Sociodemographic characteristics of the BMTSS survivors (N = 145), CCSS survivors (N = 7207), and the sibling comparison group (N = 4020) are presented in Table 1. Compared with the siblings, BMTSS survivors were more likely to be male, younger at study participation, and less likely to be non-Hispanic white. Compared with CCSS survivors, BMTSS survivors were more likely to be insured.

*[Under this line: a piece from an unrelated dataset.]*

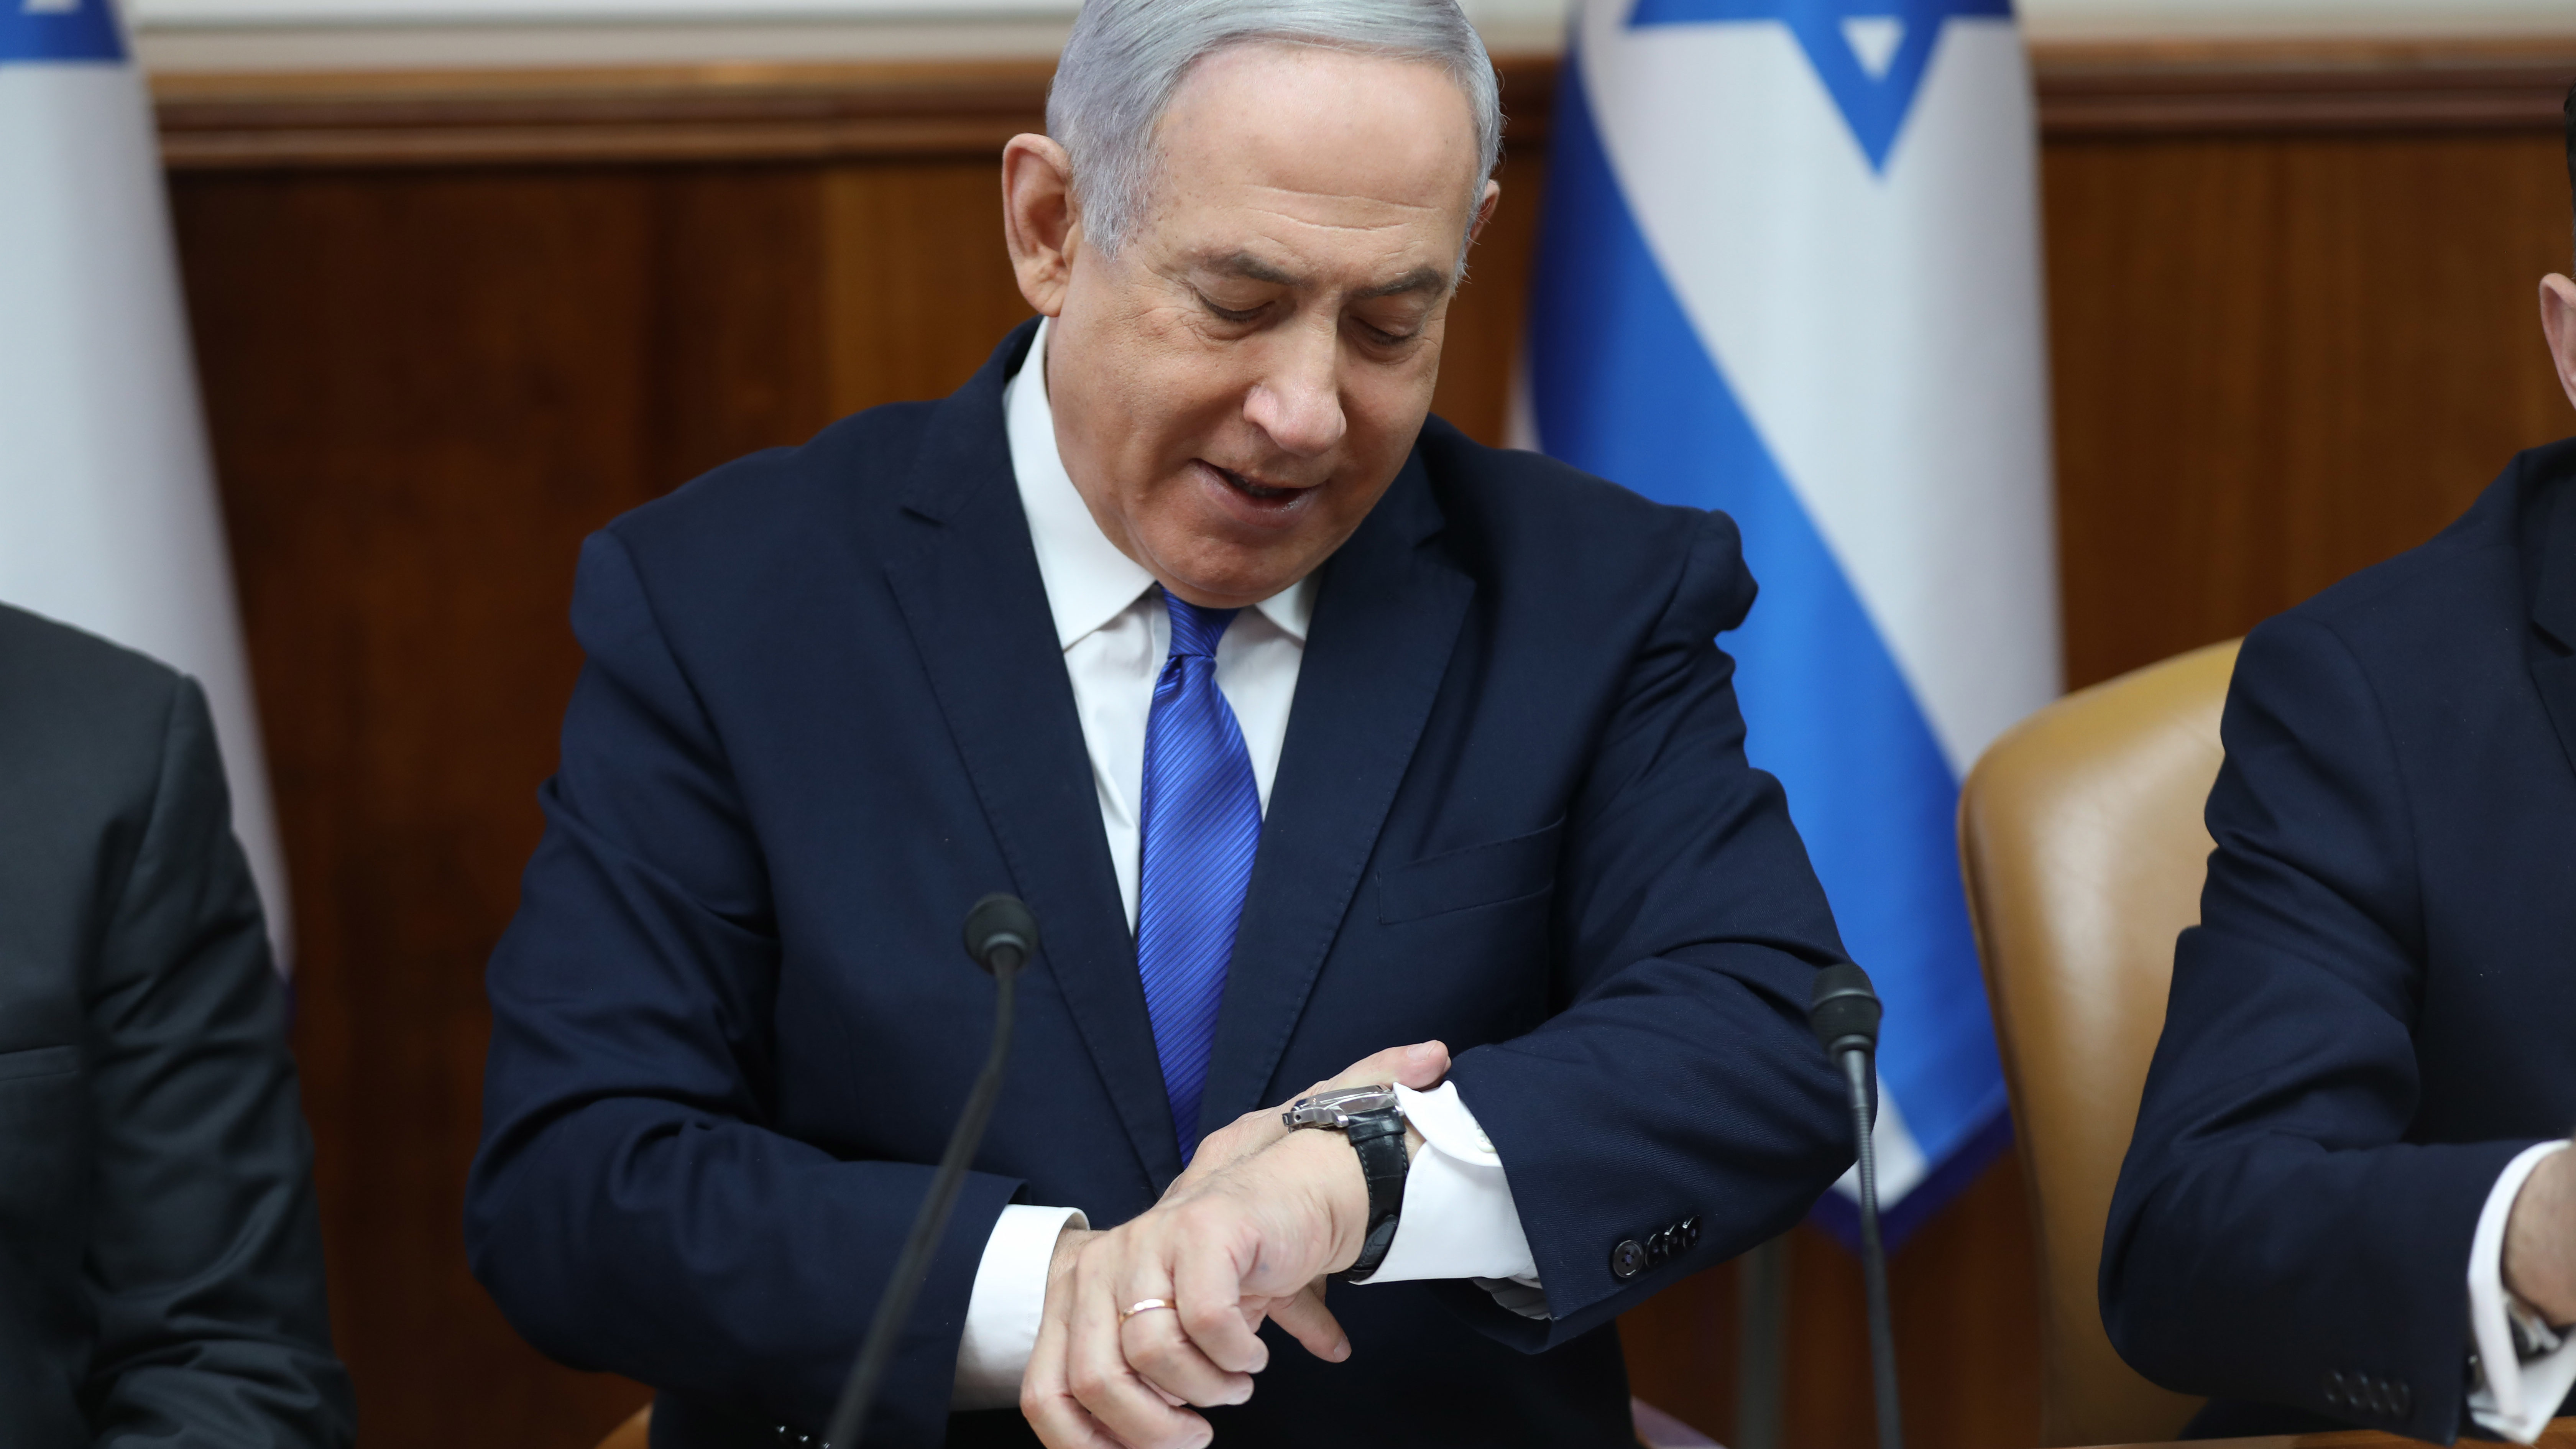 Netanyahu Legal Drama Could be Nearing End

Clinical characteristics of the BMTSS and CCSS survivors are presented in Table 2. BMTSS survivors were more likely to have been diagnosed during a more recent era; there was an overrepresentation of AML and an underrepresentation of ALL, NHL, and HL among BMTSS survivors. BMTSS survivors were older at diagnosis, had a shorter duration of follow-up, and were more likely to have been treated with anthracyclines, epidophyllotoxins, and platinum agents. However, CCSS survivors were more likely to have received alkylating agents and cranial and chest radiation.

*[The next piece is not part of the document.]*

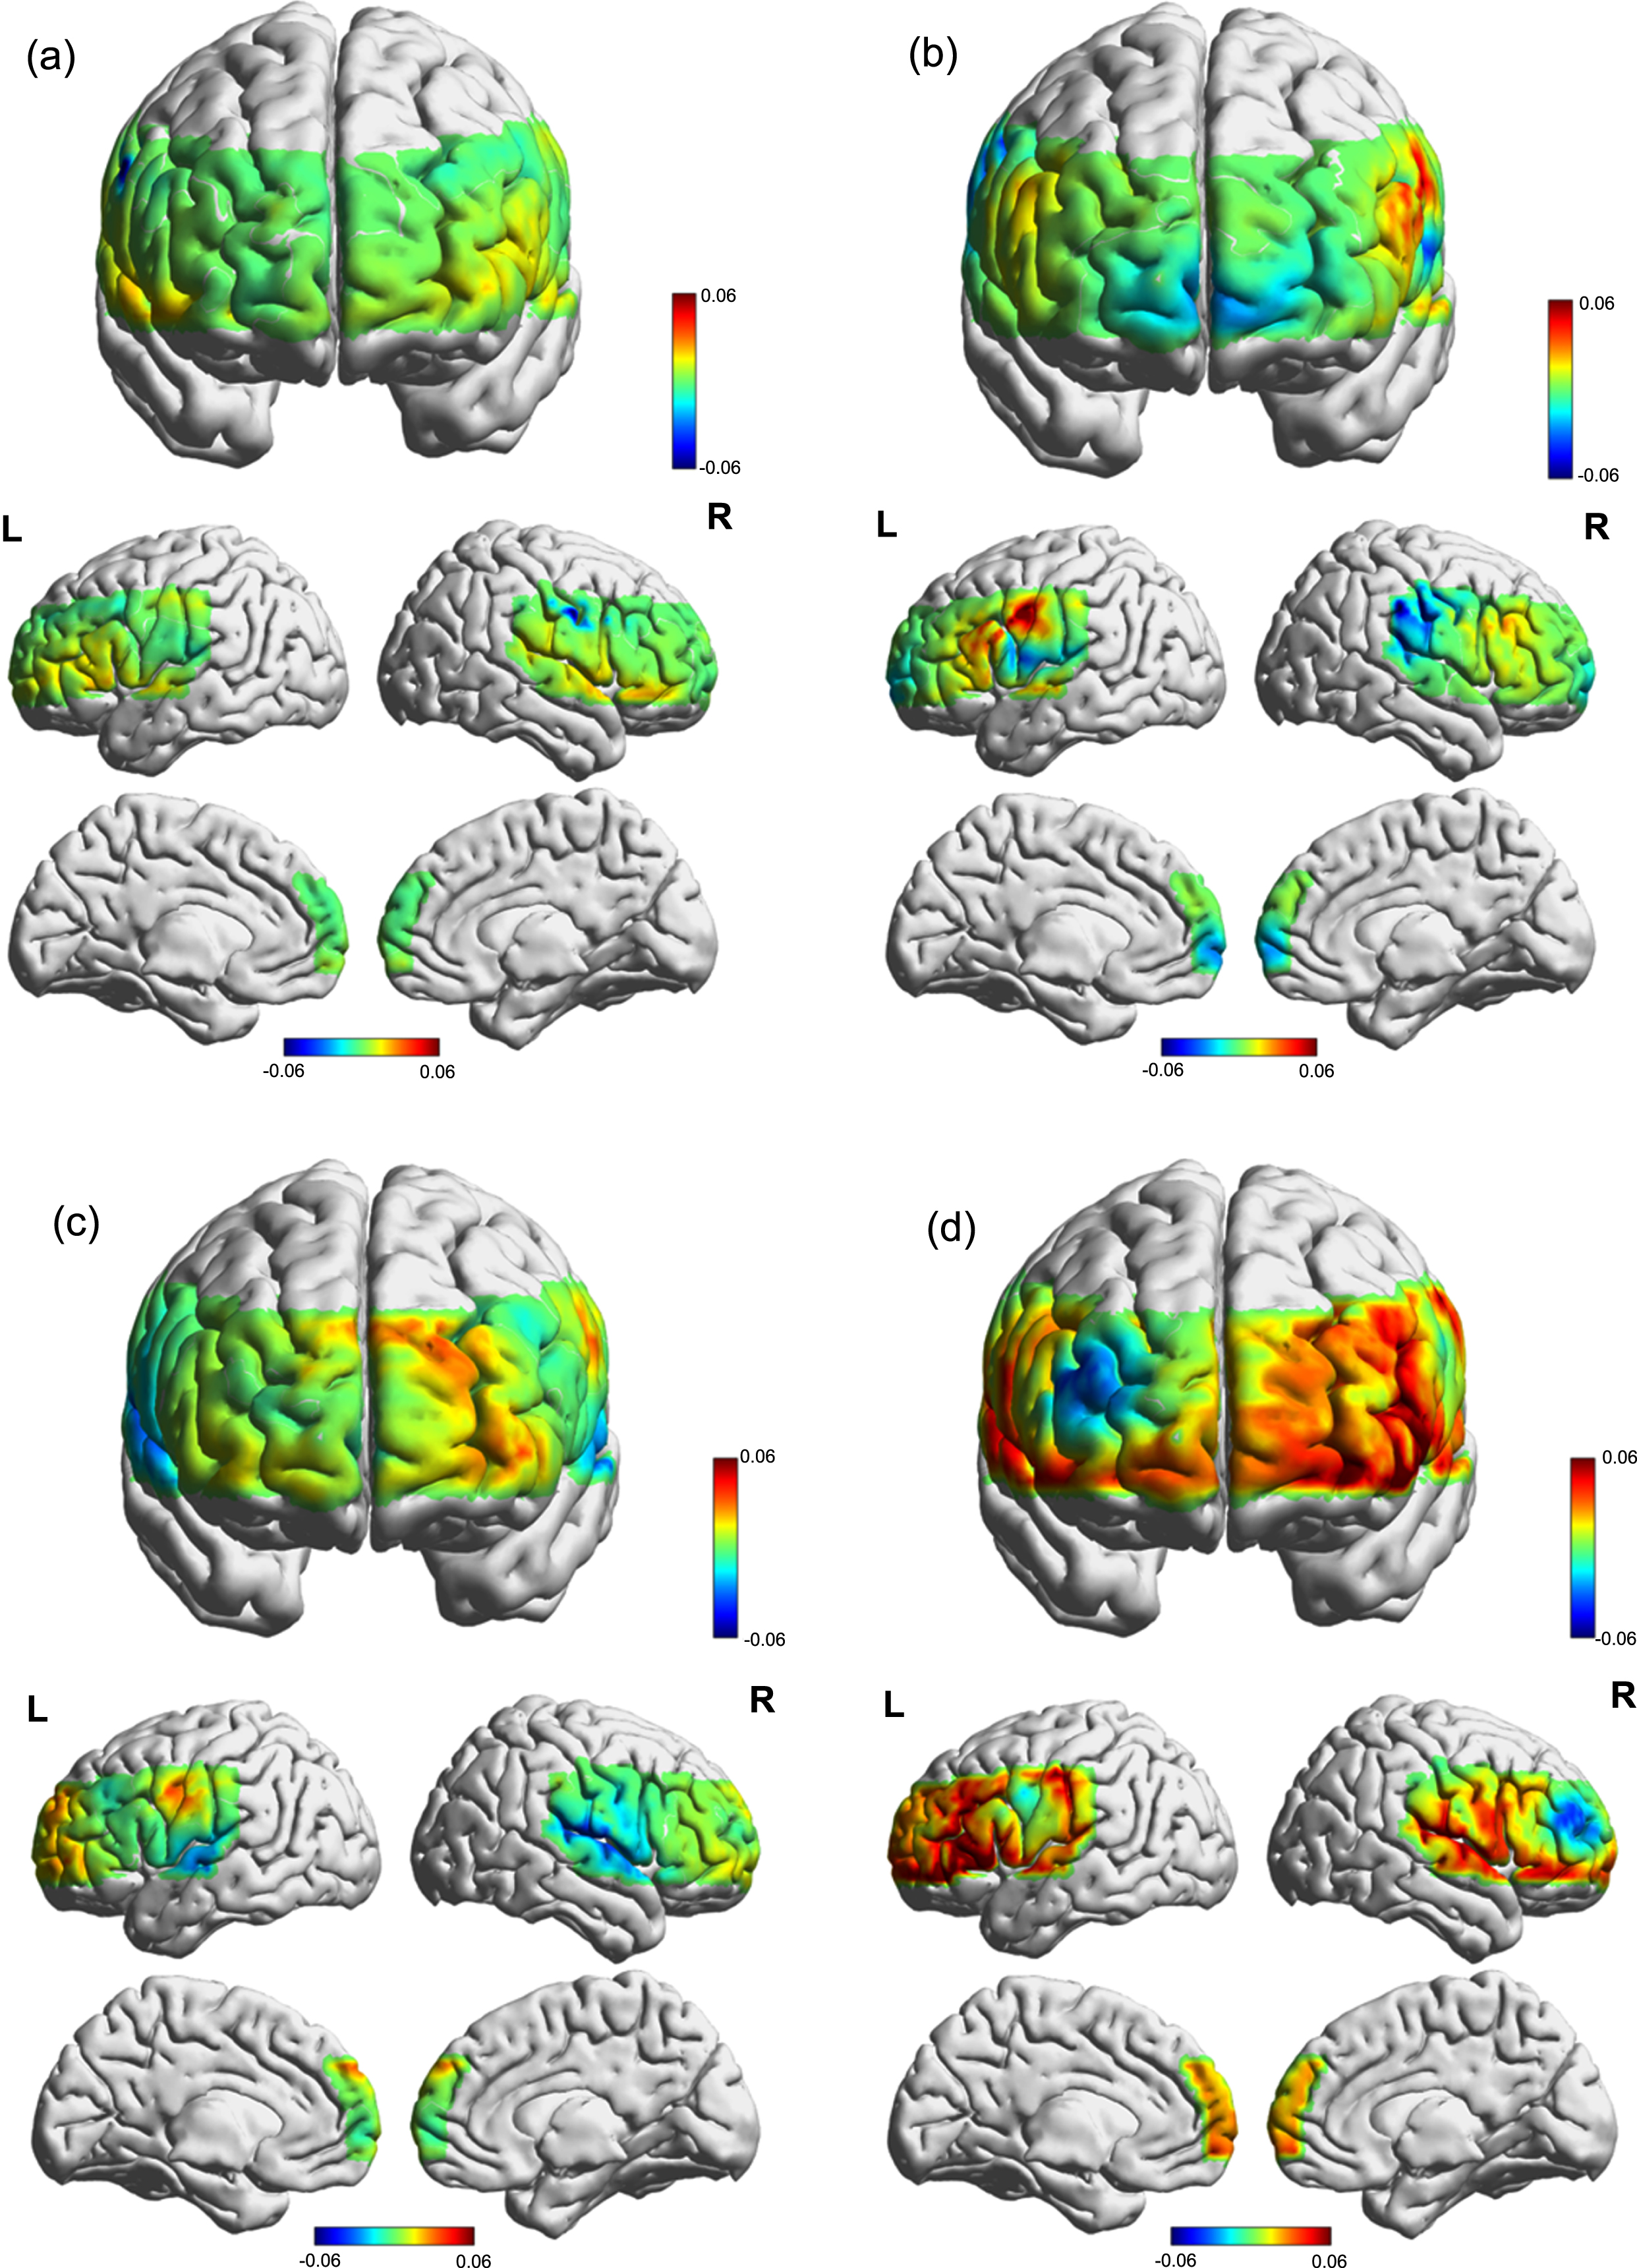 Cortical activation map based on beta values during VFT in different groups. (a) T0 of the control group. (b) T1 of the control group. (c) T0 of the iTBS group. (d) T1 of the iTBS group.

Among the BMTSS survivors, 72.4% had undergone allogeneic HSCT (58.6% from related donor, 13.8% from unrelated donor); 58.6% were in CR1 at HSCT; TBI was used as conditioning for 76.6%; 32.4% of allogeneic HSCT recipients reported a history of chronic GVHD; of these, 41.1% reported active chronic GVHD at study participation. Median time from HSCT to study participation was 11.0 years (range, 2.3-25.9 years).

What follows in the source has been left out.